29.05.2012 | aktual.: 29.05.2012 19:46

Tomaszewski nie kryje, że jest mu "bardzo" przykro z powodu nałożonej na niego kary przez klub PiS (poseł został na miesiąc zawieszony - przyp. red.). - Moi koledzy ocenili, że popełniłem błąd taktyczny, ale oni znają się lepiej. Ja jestem żółtodziobem i przyjmuję tę karę z pokorą - ocenił. Przypomniał przy tym, co już kilka razy oświadczał w mediach, że nie wycofuje się ze swoich słów odnośnie reprezentacji polski.

- Nie zgadzam się na to, by przestępca reprezentował nie tylko premiera i byłego ministra sprawiedliwości, którzy mnie dziś atakują, ale i 40-milionowy naród na najważniejszej imprezie. Nie akceptuję w reprezentacji Polski także "farbowanych lisów", a nie wiem, czy ktoś jeszcze pamięta, że to selekcjoner Franciszek Smuda użył tego określenia - dodał.

- Mogę tylko powiedzieć, że ja od nich wszystkich (od posłów PiS - przyp. red.) lepiej znam się na piłce i sporcie, a oni lepiej ode mnie na polityce.

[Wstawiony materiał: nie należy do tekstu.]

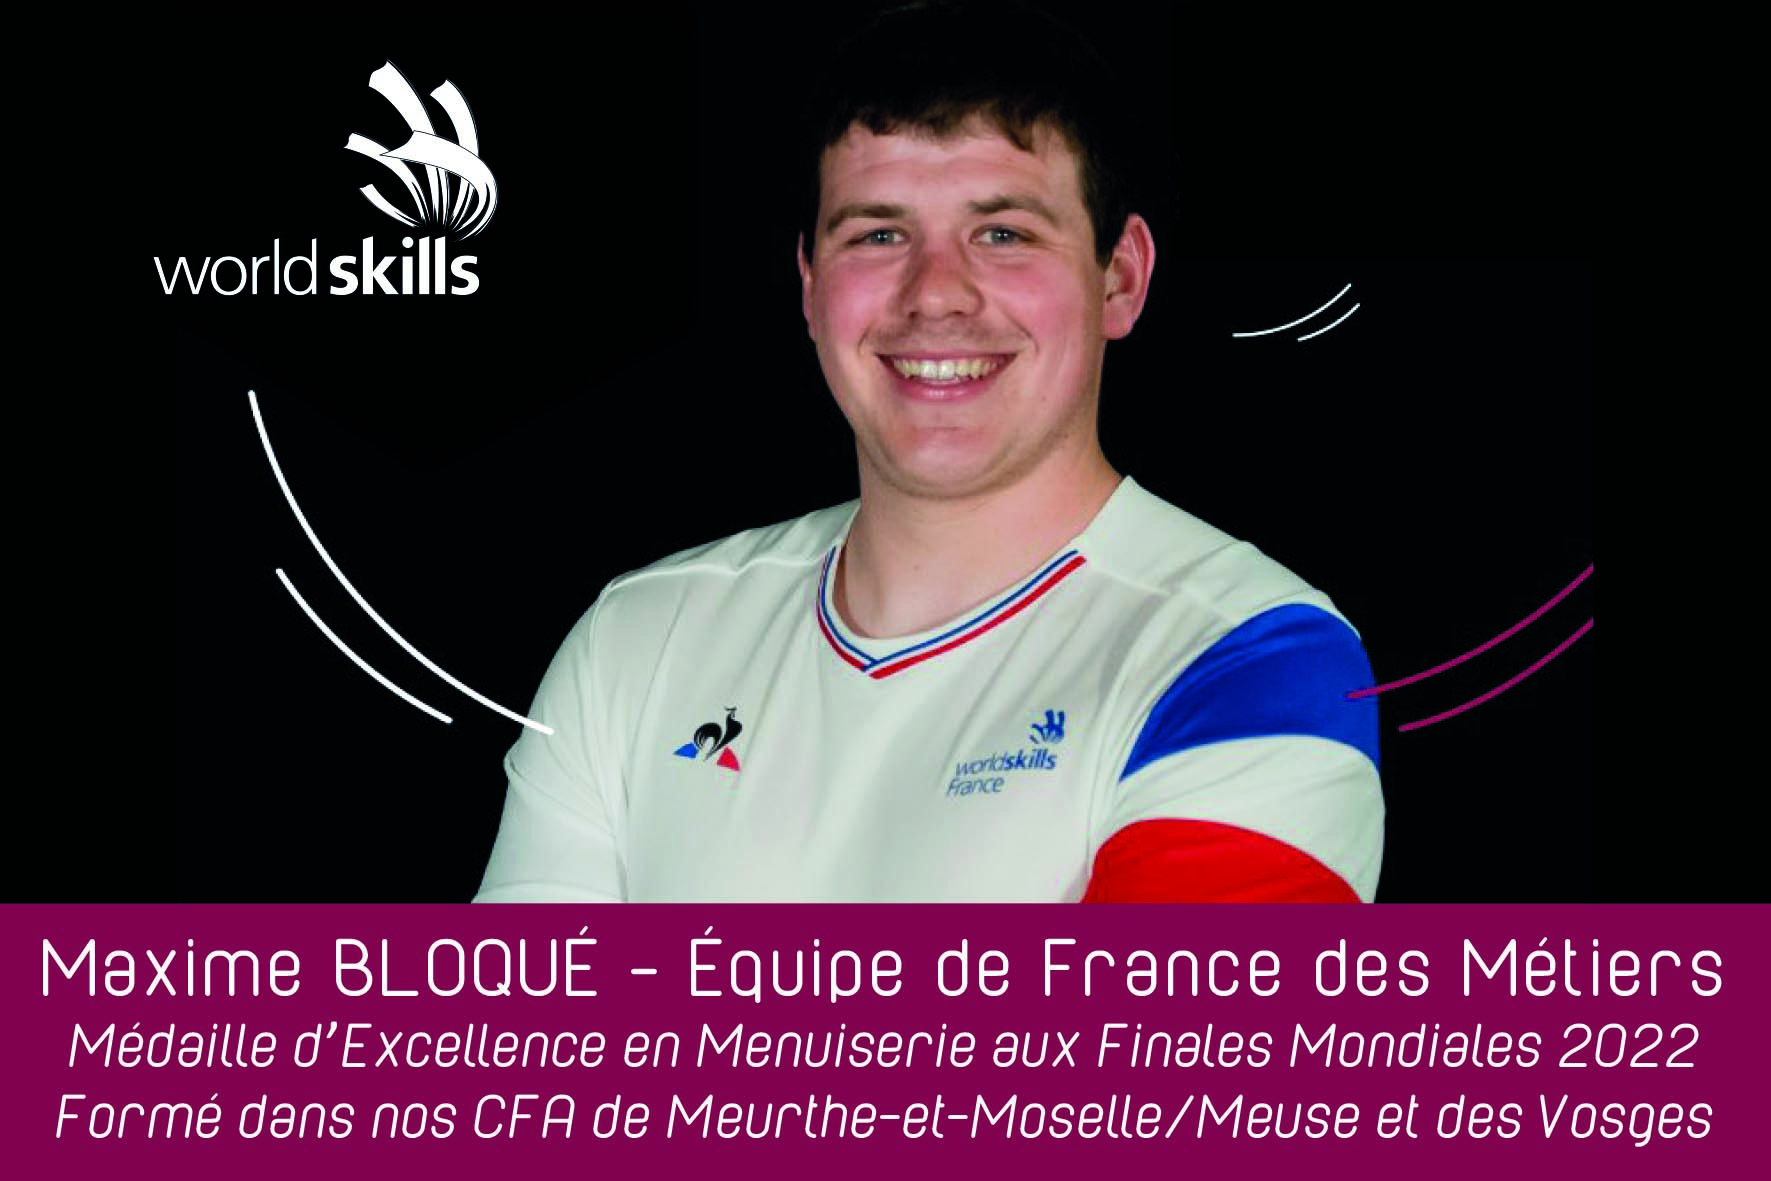 Le vosgien Maxime Bloqué sélectionné en équipe de France des métiers, médaille d'excellence en finale mondiale de menuiserie.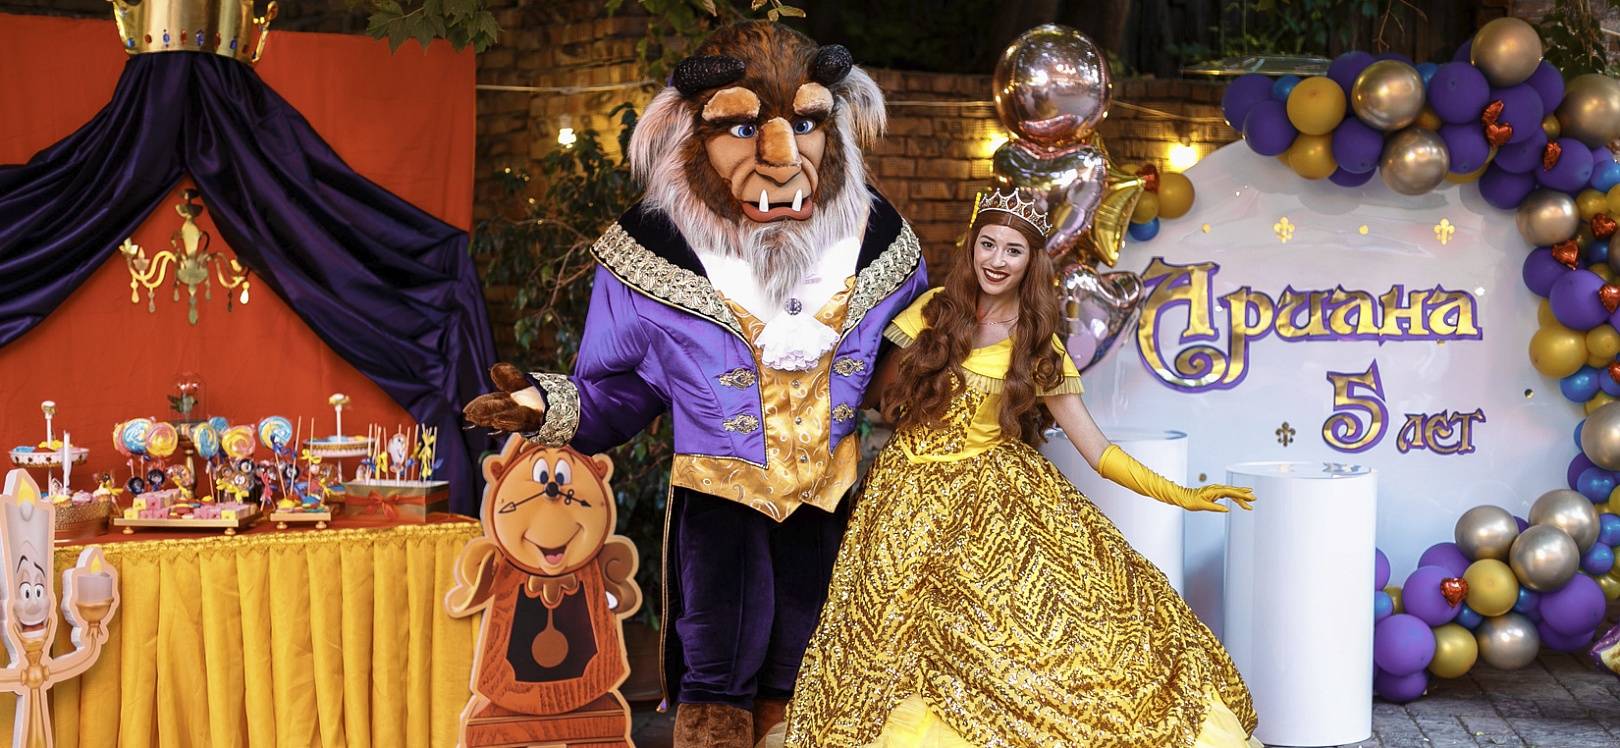 Аниматор красавица принцесса белль и принц чудовище на детский праздник, день рождения ребенка - шоу театр студия art - happy.

Przyjmuję ten werdykt z pokorą, przepraszam raz jeszcze, być może strzeliłem sobie samobójczego gola, ale zdania nie zmienię - mówił.

Tomaszewski pytany, czy przez trwanie w swoim zdaniu Jarosław Kaczyński nie zakończy jego politycznej kariery, uznał, że "tak może się stać". - Otrzymałem propozycję od premiera Kaczyńskiego i z niej skorzystałem. Jeśli zostanę usunięty przez niego, czyli Kazimierza Górskiego polskiej polityki, który jest trenerem naszego klubu, to odejdę bez dyskusji. To tak jakbym dyskutował z trenerem Górskim, że mnie na ławce posadził. Jak zdecyduje Jarosław Kaczyński, tak ja się do tego dostosuję, ale nigdy złego słowa o nim nie powiem - powiedział Jan Tomaszewski w wywiadzie dla "Polska The Times".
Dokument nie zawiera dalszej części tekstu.